Under the Endangered Species Act, timber projects on public lands must not jeopardize essential spotted owl habitat.
Understanding where the birds live and nest is therefore vital for maintaining the delicate balance between endangered species protection and logging in the region.
This year, though, the Trump administration’s federal hiring freeze may mean the surveys can’t go ahead.
“We were unable to hire field crews for the season,” says Dr. Taal Levi, a researcher at Oregon State University who works with the Forest Service to analyze audio spotted owl data. “That means we can’t do surveys, or it’ll be a skeleton crew of people trying to get it done.”
The lack of spotted owl monitoring may seem unlikely to concern most voters who helped put Trump in office. Some may even celebrate the demise of threatened species research on public lands.
However, the Forest Service’s inability to say where the imperiled birds are could have far-reaching, unintended consequences.
If scientists don’t know where spotted owls are present, logging projects in the Pacific Northwest may be unable to move forward, affecting timber industry jobs. In a worst-case scenario for the industry, a judge could halt logging across the region, something that hasn’t happened since the 1990s.
That’s just one of many unexpected ways the Trump administration’s recent federal hiring freeze, spending cuts and mass layoffs could affect what happens on public lands in the Pacific Northwest.
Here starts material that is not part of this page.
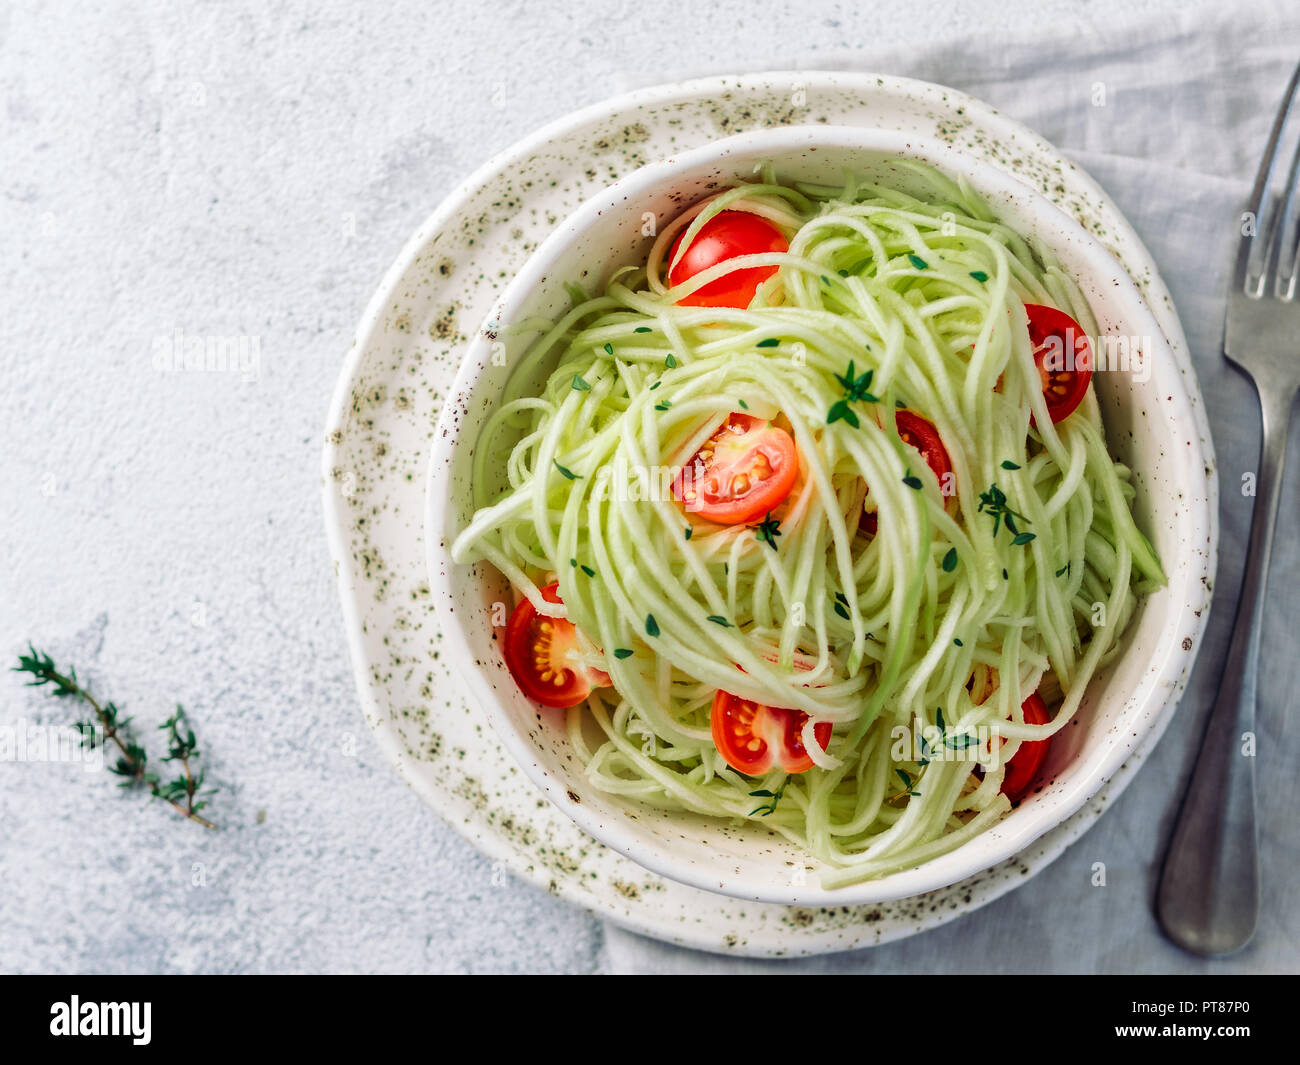 Zucchini noodles salad with cherry tomatoes. Vegetable noodles - green zoodles or courgette spaghetti salad ready-to-eat. Clean eating, raw vegetarian Stock Photo

Conservative estimate: The Northern spotted owl has been at the center of environmental debate for half a century. Photo: Rhett Wilkins/Oregon Wild
“Owl surveys are really just the tip of the iceberg,” says Noah Greenwald, endangered species director at the Center for Biological Diversity. “Any survey work done by seasonal employees on federal lands will be affected this year, whether it’s related to salmon, Oregon spotted frogs or any other endangered species.”
A reduced federal presence on public lands will certainly hinder efforts to conserve and restore imperiled wildlife, and it may impact the timber industry.
It will also affect the experiences of millions of people who flock to the Pacific Northwest’s national forests, national parks and other public lands each summer.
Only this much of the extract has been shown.